Try it>
Keep the images out while you set down the data exactly.
BEGIN Supplied data
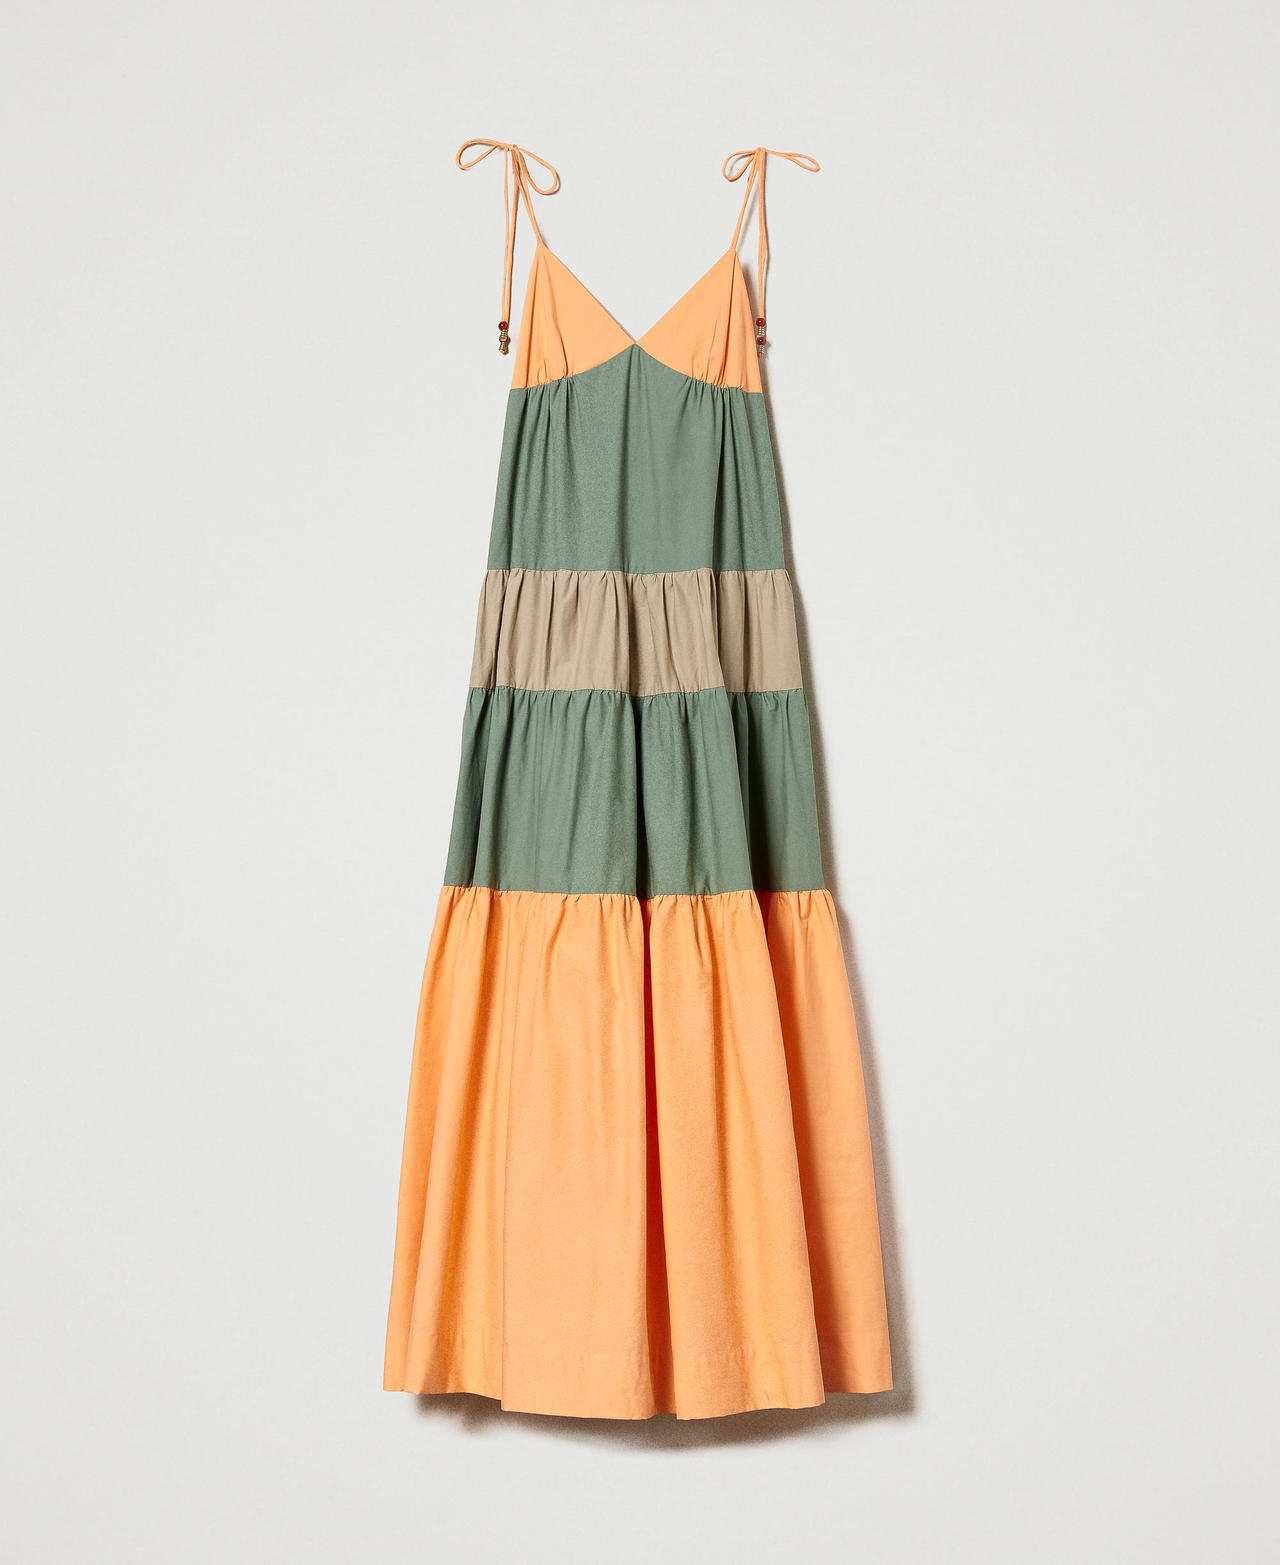 Robe longue avec volants bicolores Multicolore Orange « Cantaloup »/Vert « Turtle Green »/Beige « Carabbean » Femme 231LM2HBB-0S
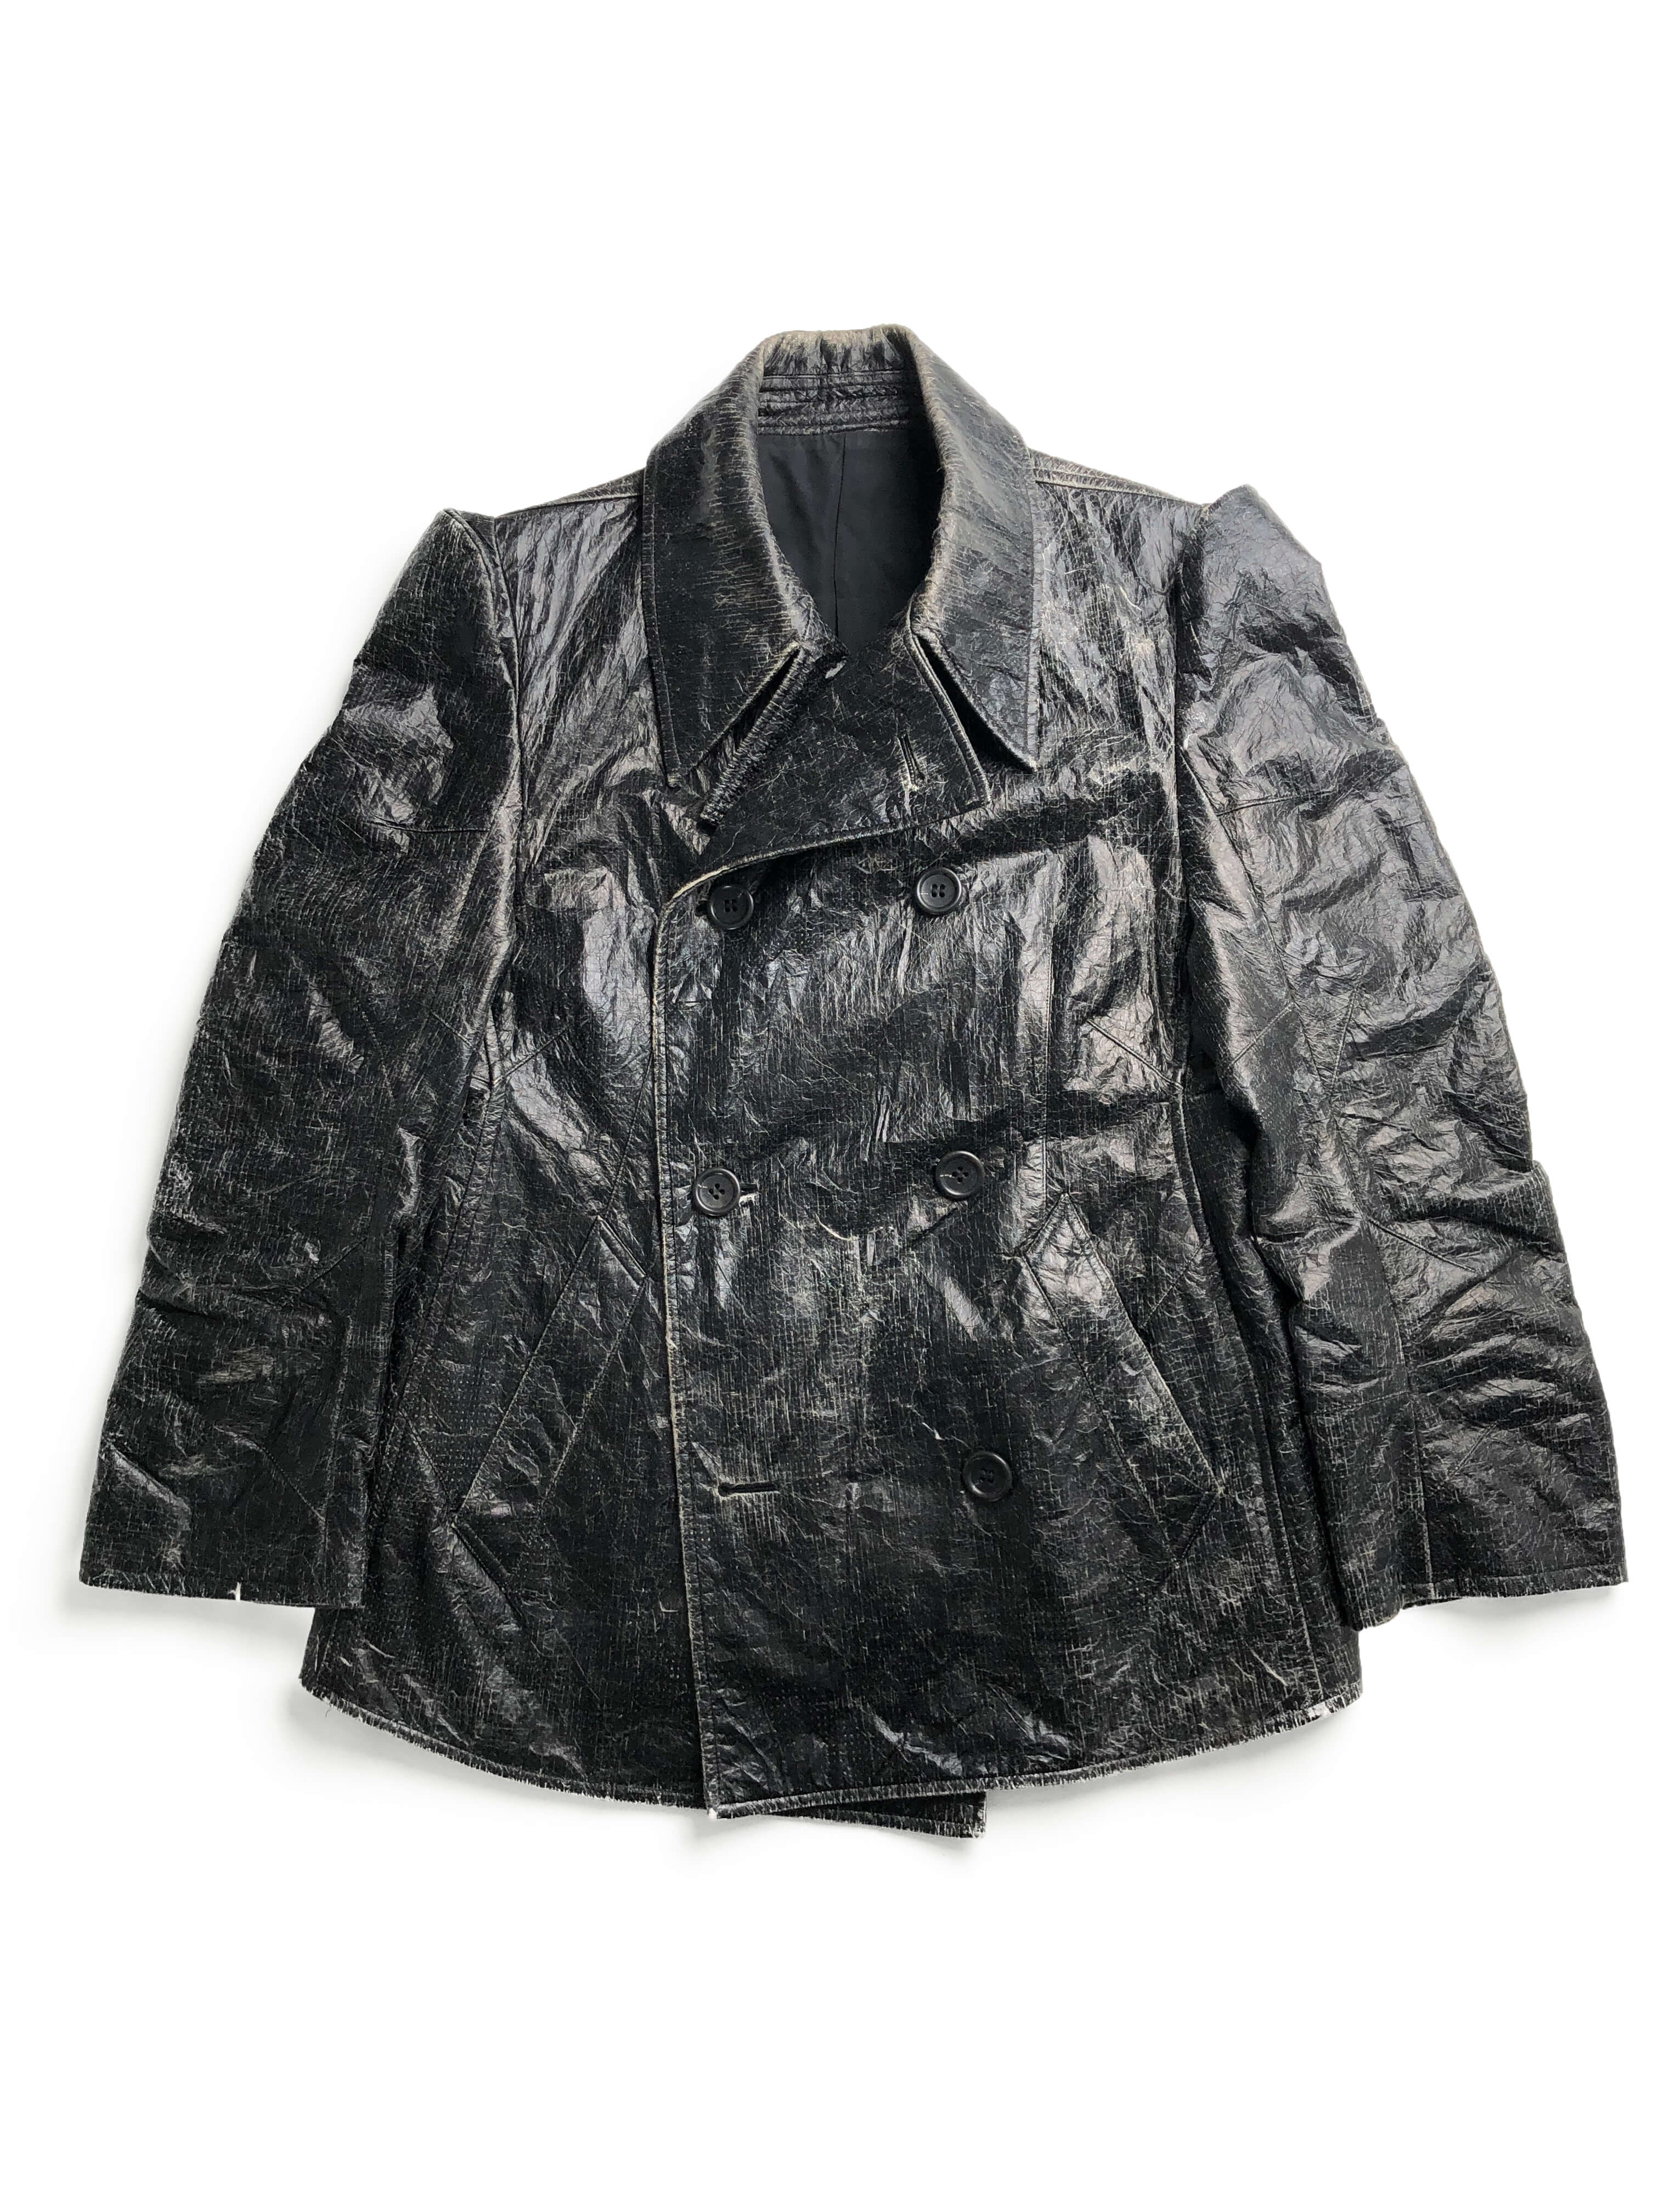 MASAKI MATSUSHIMA crack jacket
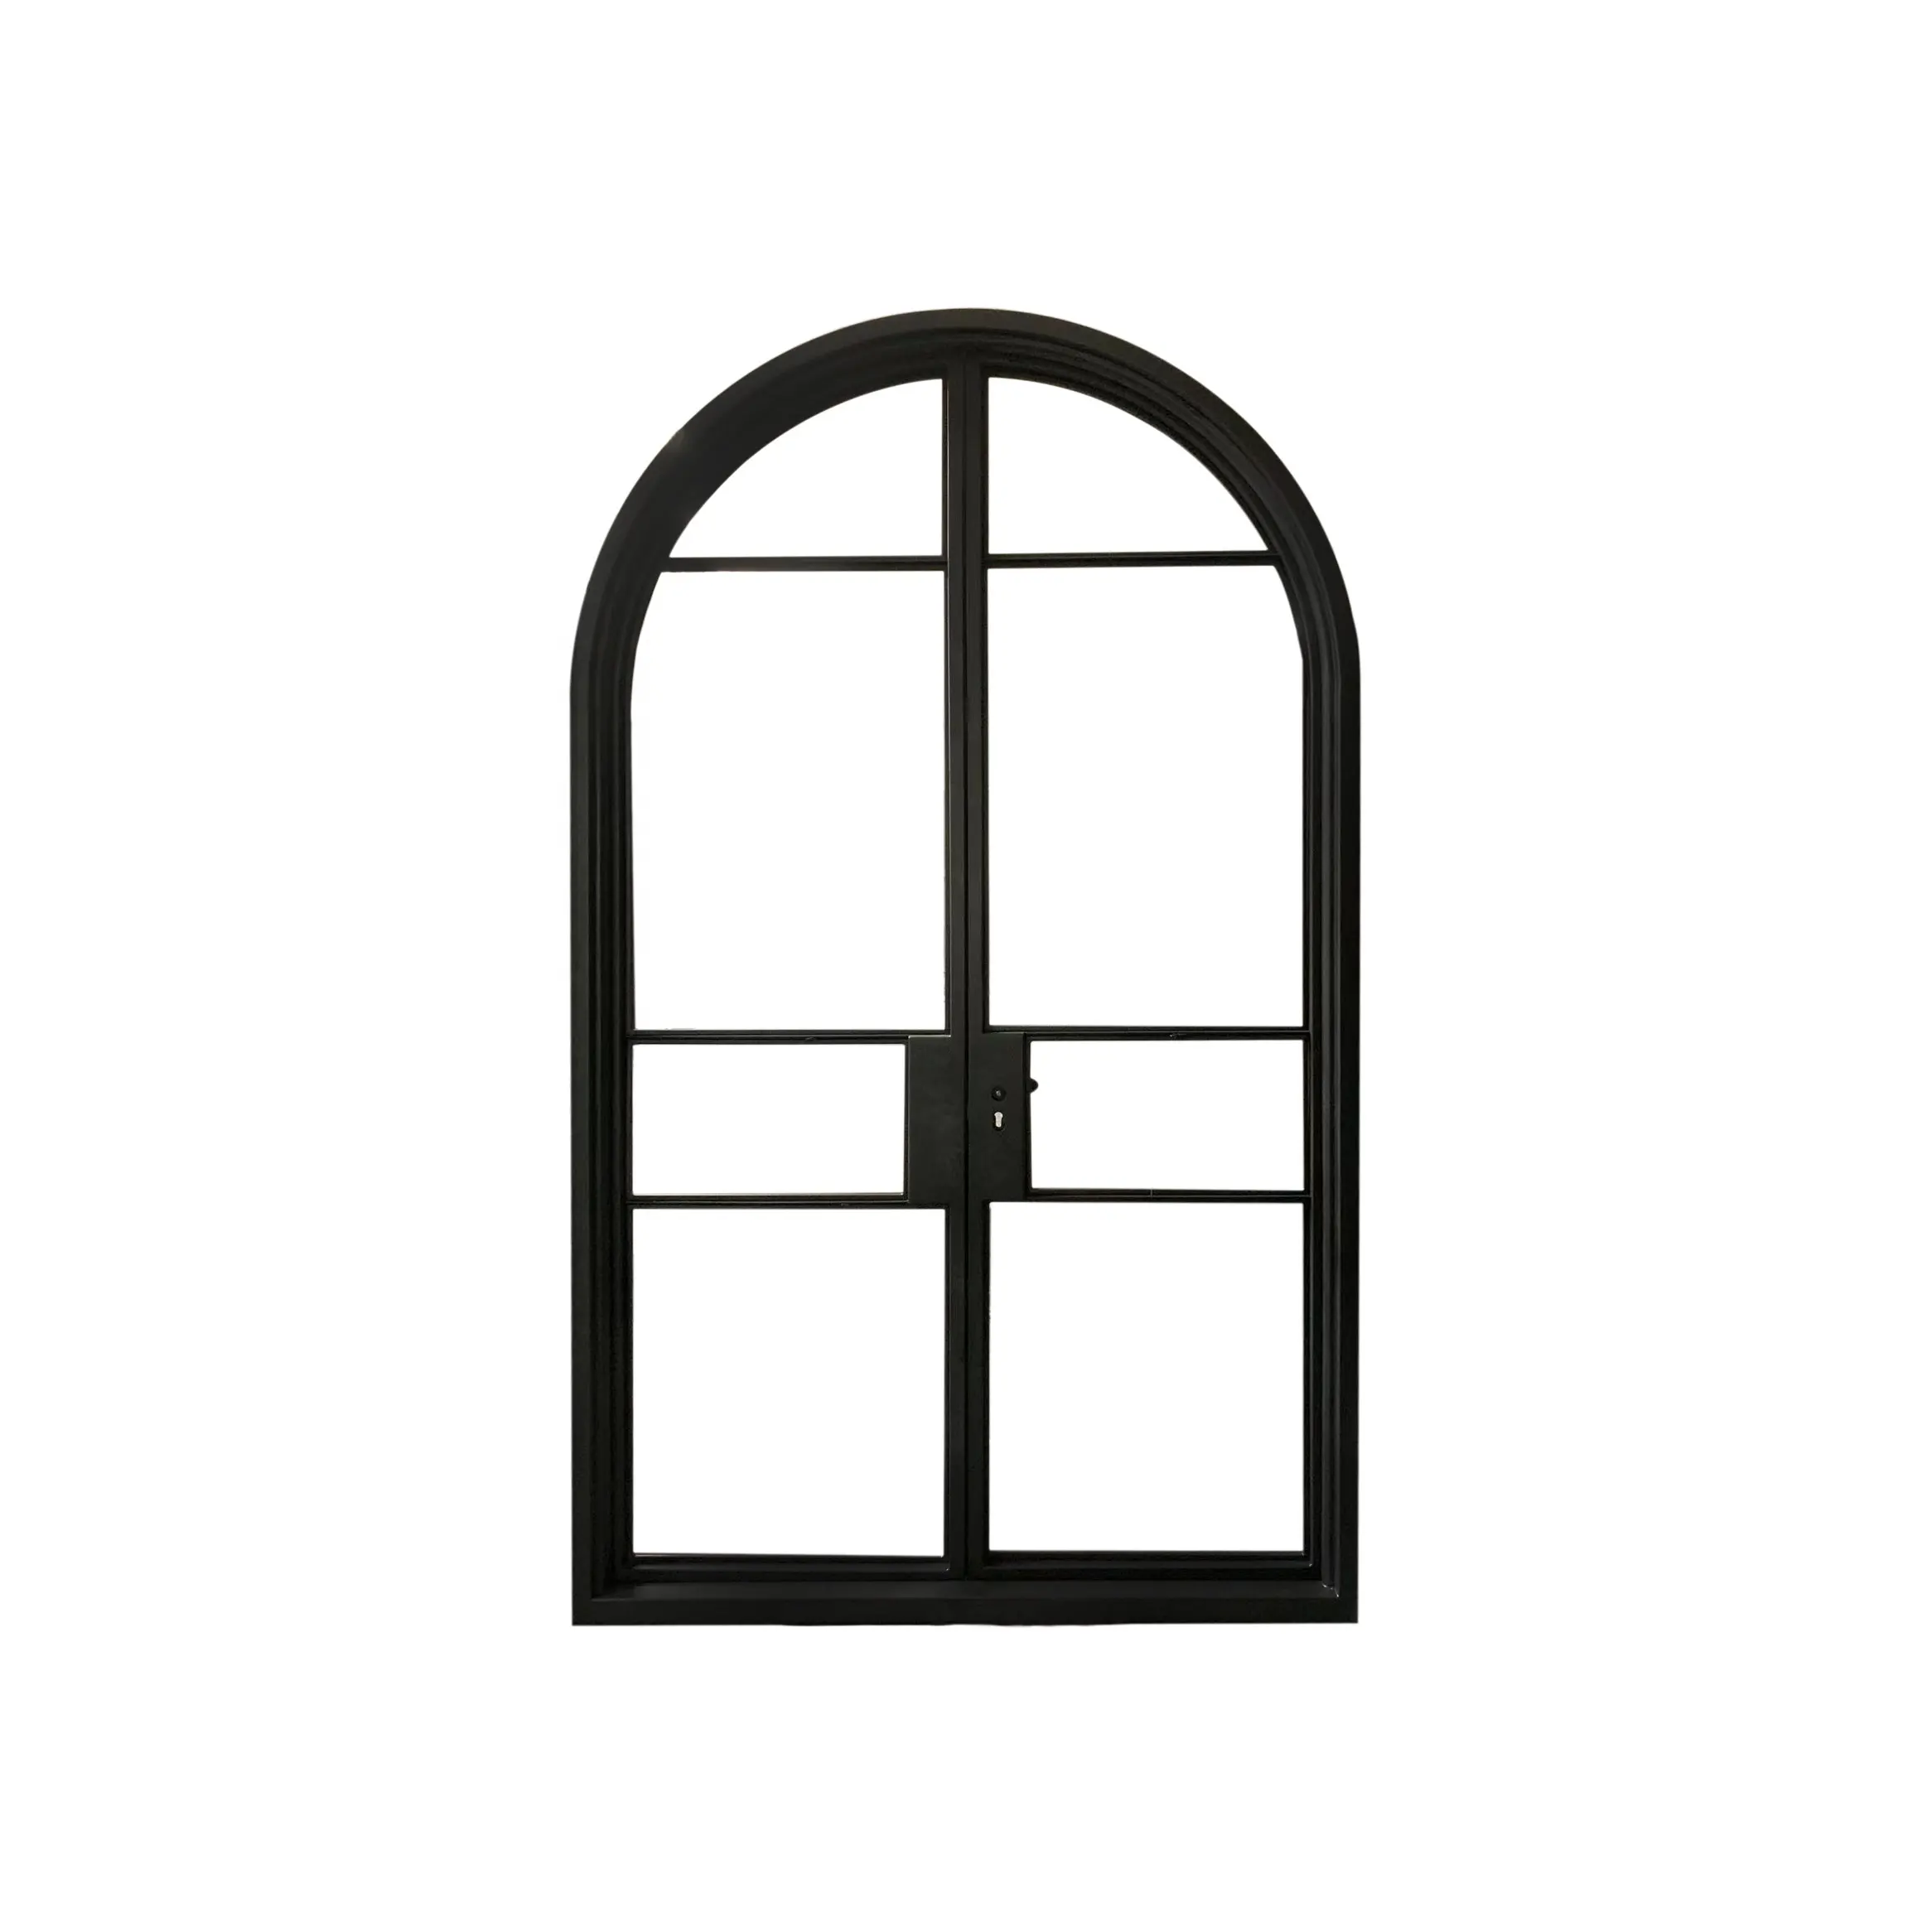 Puerta de vidrio de hierro forjado de estilo francés personalizada de gama alta, superventas, luz de lujo, entrada Interior privada personalizada
END Supplied data
Answer>
 Robe longue avec volants bicolores Multicolore Orange « Cantaloup »/Vert « Turtle Green »/Beige « Carabbean » Femme 231LM2HBB-0S
 MASAKI MATSUSHIMA crack jacket
 Puerta de vidrio de hierro forjado de estilo francés personalizada de gama alta, superventas, luz de lujo, entrada Interior privada personalizada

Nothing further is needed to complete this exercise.